Non-HLA antigen targets have been associated with hyperacute, acute, and chronic kidney allograft rejection. Although there is controversy regarding the predictive role of non-HLA antibodies (Abs) in transplant (Txp) outcome - there are cases that indicate causality between the presence of such Abs and graft loss. A 17 month old boy with end-stage kidney disease, secondary to kidney dysplasia, received a living donor Txp from his uncle in April 2014. The presence of HLA abs was tested in 5 sera samples prior to Txp with a PRA of 7% and 0% for class I and II respectively (flow PRA). Single antigen testing confirmed the absence of donor specific HLA Abs (DSA). Initial and final flow cross matches were negative, as expected. During the Txp surgery, it was noted that the kidney became firm, urine output was below expectation and the child became increasingly pressor-dependent. Subsequently, the patient had an episode of ventricular tachycardia and an exploratory laparotomy demonstrated that the Txp kidney became tense and enlarged, with thrombosis of the renal vein. The kidney was nephrectomized within 48 hours and the patient’s status improved significantly.
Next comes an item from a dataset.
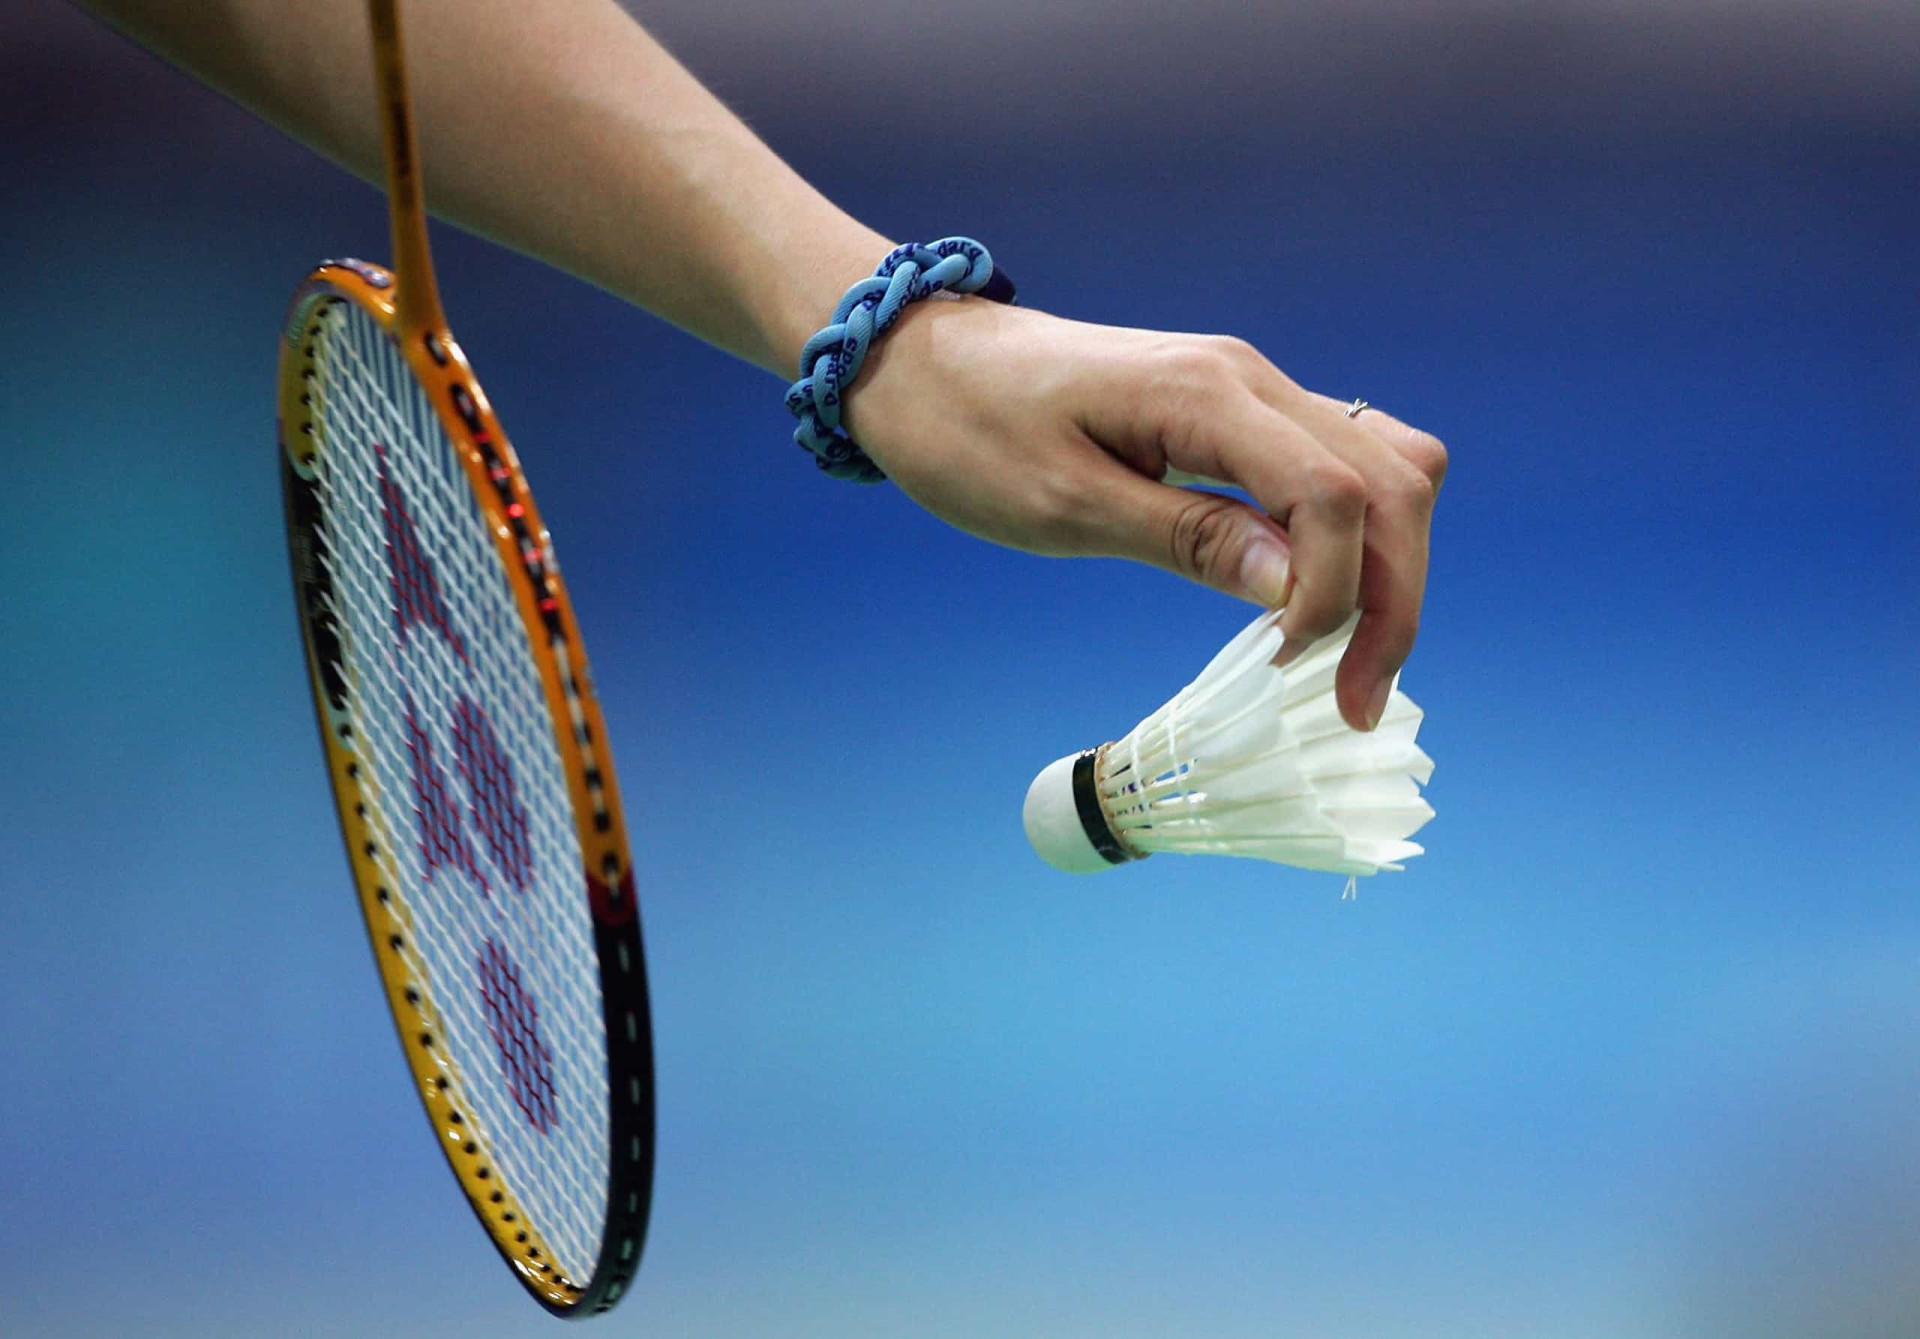 <div>While the roots of the sport can be traced to ancient Greece, the game of badminton in fact originated in Siam, China, over 2,000 years ago. It was introduced to England in 1870, and was initially played somewhat like tennis.</div><p><a href="https://www.msn.com/en-ph/community/channel/vid-7xx8mnucu55yw63we9va2gwr7uihbxwc68fxqp25x6tg4ftibpra?cvid=94631541bc0f4f89bfd59158d696ad7e">Follow us and access great exclusive content every day</a></p>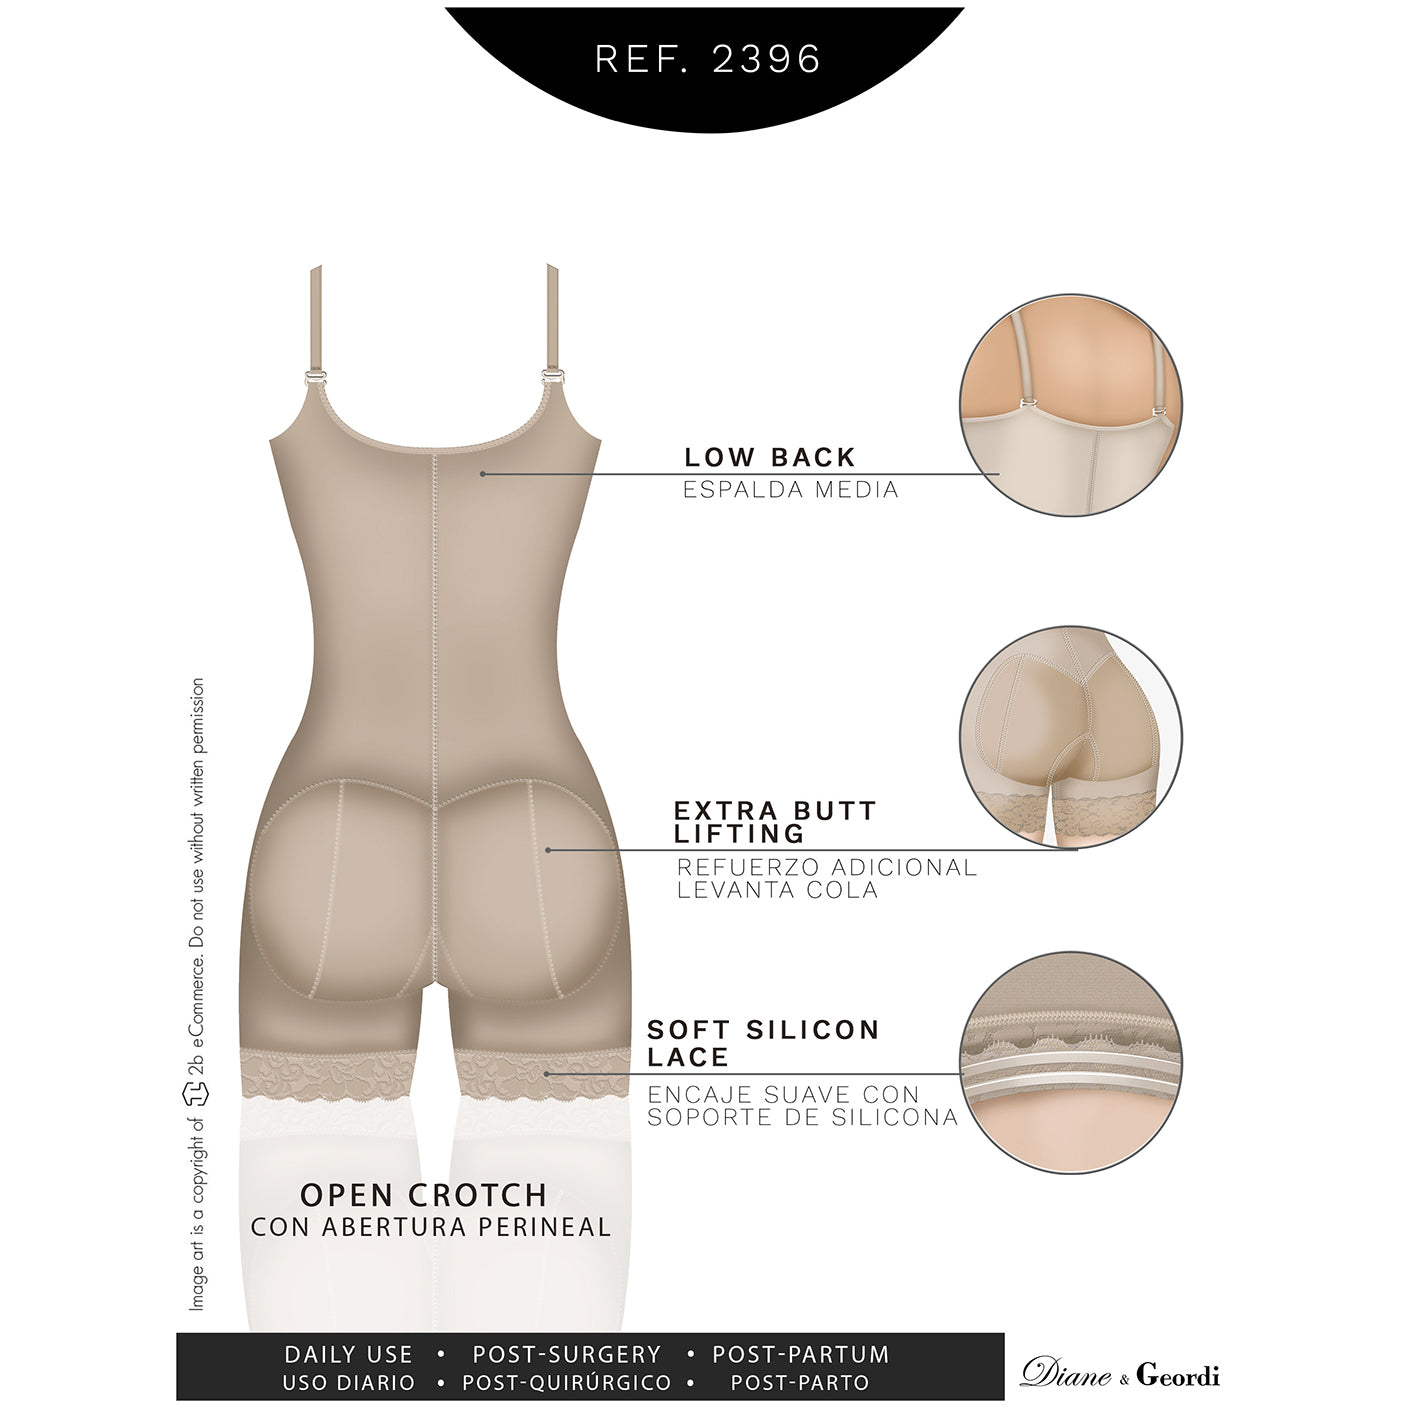 Diane & Geordi 2396: The journey for a stunning silhouette begins with this  Colombian faja for women

To investigate a potential role for HLA DSA, we tested a 2 days post-Txp serum sample, confirming the absence of HLA-DSA. We also repeated Abs testing on the pre-Txp serum sample ruling out HLA-DSA as the cause of rejection. To assess potential causes for this apparently hyperacute Ab mediated rejection, pre-Txp (pre-14 days) and post-Txp (post-24 days) samples were sent out for AT1R Abs screening and donor specific endothelial cell crossmatch (XM-One). Retrospective testing of a pre- and post-Txp sera for AT1R antibody was out of range for pre-Txp sample and the post-Txp sample was positive ( > 30 Units/ml). The XM-One assay using endothelial precursors isolated from the donor as targets was strongly positive using a pre-Txp serum but negative using post-Txp serum. Approximately two month’s post-Txp, the patient developed HLA Abs, on top of the AT1R antibodies. In conclusion, this patient still requires a kidney Txp and the question is how to proceed – shall we consider only obtaining an organ from a living donor? This would allow for the necessary time to run XM-One and potentially inhibit AT1R pathway with an AT 1 receptor antagonist. What to do if no living donor becomes available?